The problem with including race in gene-based medical research is that recent scientific developments undermine the notion that race as a biological fact is still in question. While a lively debate about the biological underpinnings of race ensues under projects such as the HapMap project, a partnership of scientists and funding agencies from around the world to help researchers find genes associated with human disease that respond to pharmaceuticals, elsewhere world renowned geneticists such as Craig Venter and Francis Collins declare that race is not biologic. Craig Venter, who along with Collins helped map the human genome, states that “skin colour as a surrogate for race is a social concept not a scientific one.”
This misconception about race has taken hold due to the tendency to racially categorize people based upon physical appearance, in most instances skin color and hair-type (the “I know it when I see it,” or phenotypical, reasoning). To date, however, the variations known as races are best explained by genetic drift, or the subtle changes within culturally breeding subpopulations over geologic time, and gene flow, or asymmetrical exchanges that are the byproducts of conquest between human subpopulations. Due to genetic drift and gene flow the existence of races is today a “social reality,” one which public policies, discussed later in this paper, reinforce.
This social reality is scientifically misleading, yet these socially constructed racial categories can be used to measure health disparities between different racial groups to determine the health status of different populations. It is well documented, for example, that people of color suffer from health disparities such as shorter life spans, higher infant mortality rates, and higher prevalence rates of many chronic conditions compared with their white counterparts. But using race to measure health disparities is very different from using unproven genetic differences to account for these same health disparities.
Problems arise when race as a social reality and race as a scientific “fact” are conflated in medical research. These efforts to geneticize or racialize disease have several dangerous implications:
- They may skew research by placing individuals on a short list of socially constructed, government-defined racial categories, thereby increasing the risk of perpetuating health disparities.
- They may compromise the health of people of color by eliminating from medical consideration the social determinants of health problems.

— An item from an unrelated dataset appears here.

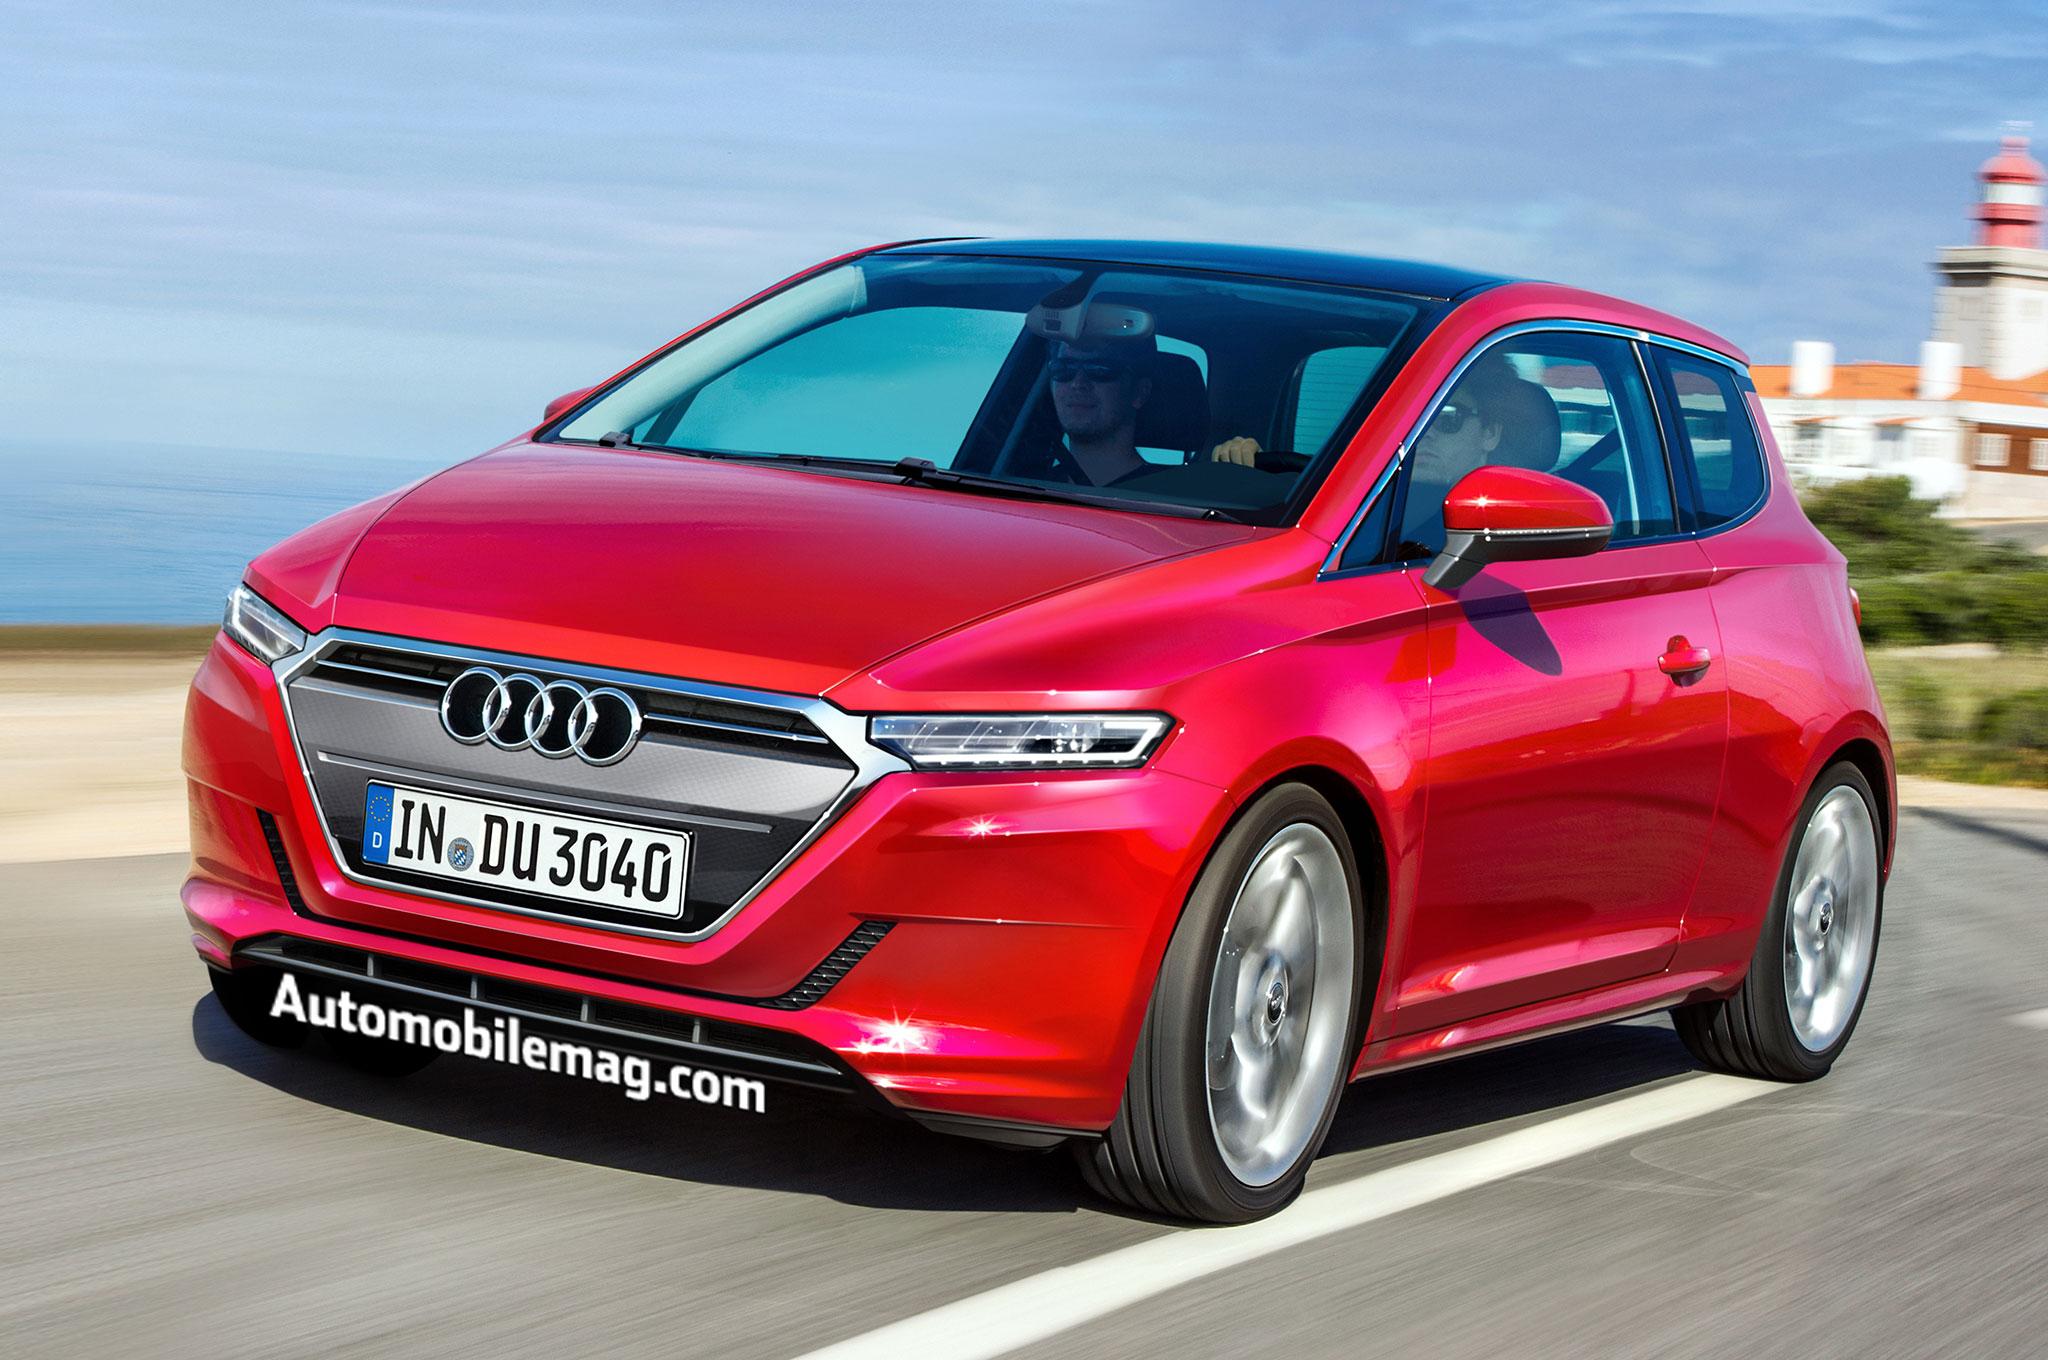 A1 Auto Sales >> Deep Dive: An All-New, Ultra-Compact Audi City Car
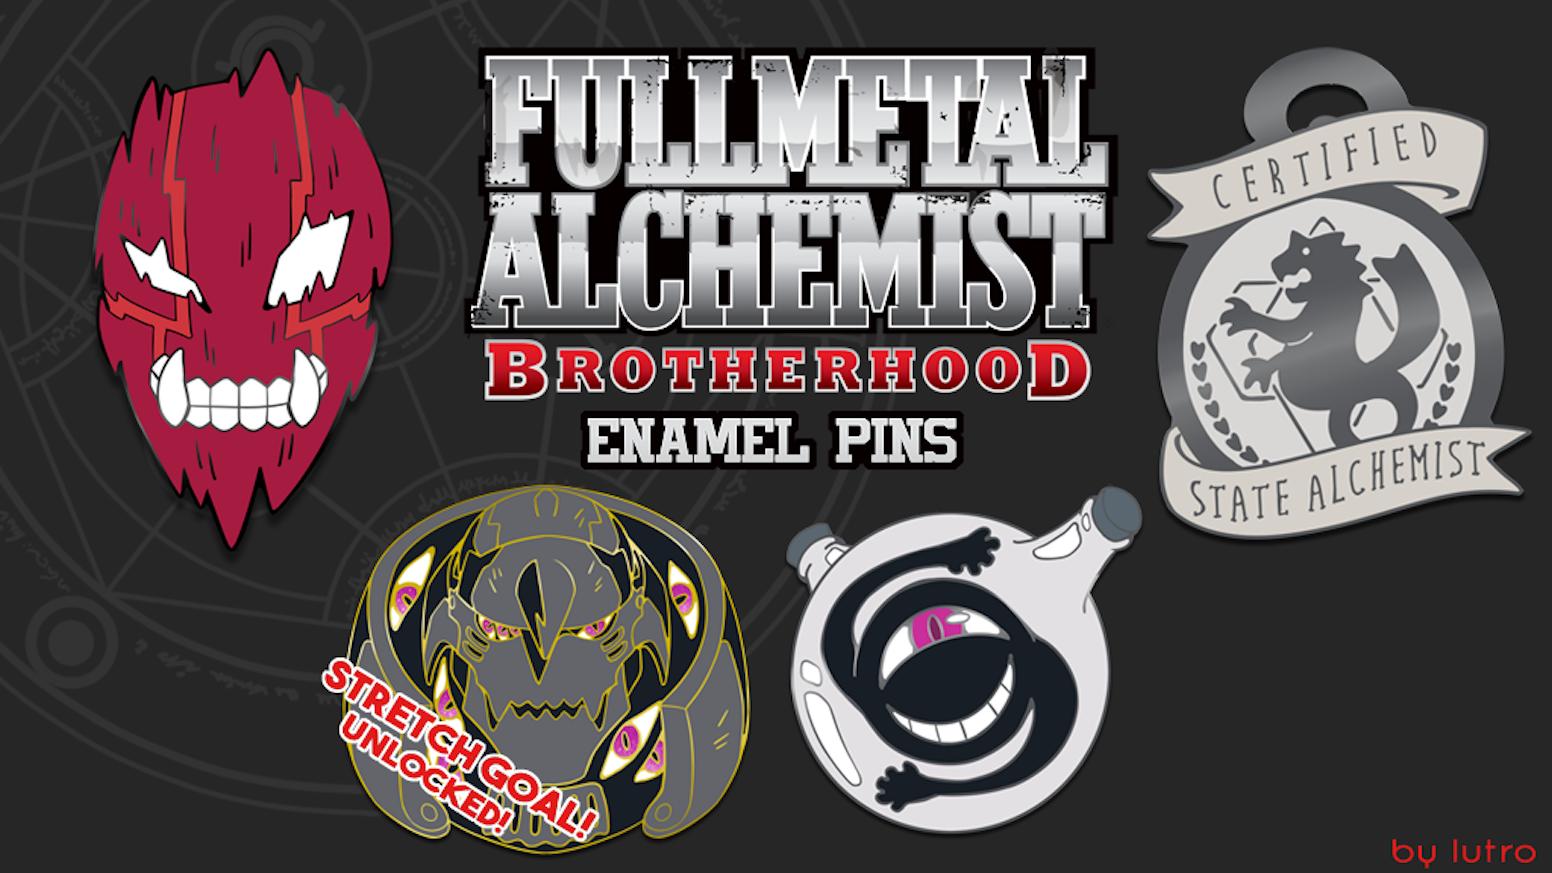 Fullmetal Alchemist Brotherhood Enamel Pins By Oliver Lutro

- They may contribute to the reemergence of scientific racism through an emphasis on linking genes to disease and race.
The dangers implicit in all three of these efforts to racialize disease require health professionals to come to grips with the reasons for health disparities due to race as a social reality and the misconceptions about health disparities due to race as a scientific myth.
This paper will briefly detail some of the health disparities experienced by people of color in the United States before turning to the emergence of race-based medicine and the threat it poses to effective health care. The paper will then examine the evolution of racial categories in the United States, and how current research finds that race is not genetically real. The paper will detail how known social determinants, such as residential segregation and other inequities, have continued to marginalize the status of people of color in the health care system and perpetuate health disparities. In
closing, the paper will address the dangerous implications associated with an overemphasis on the role of race and genes on health disparities.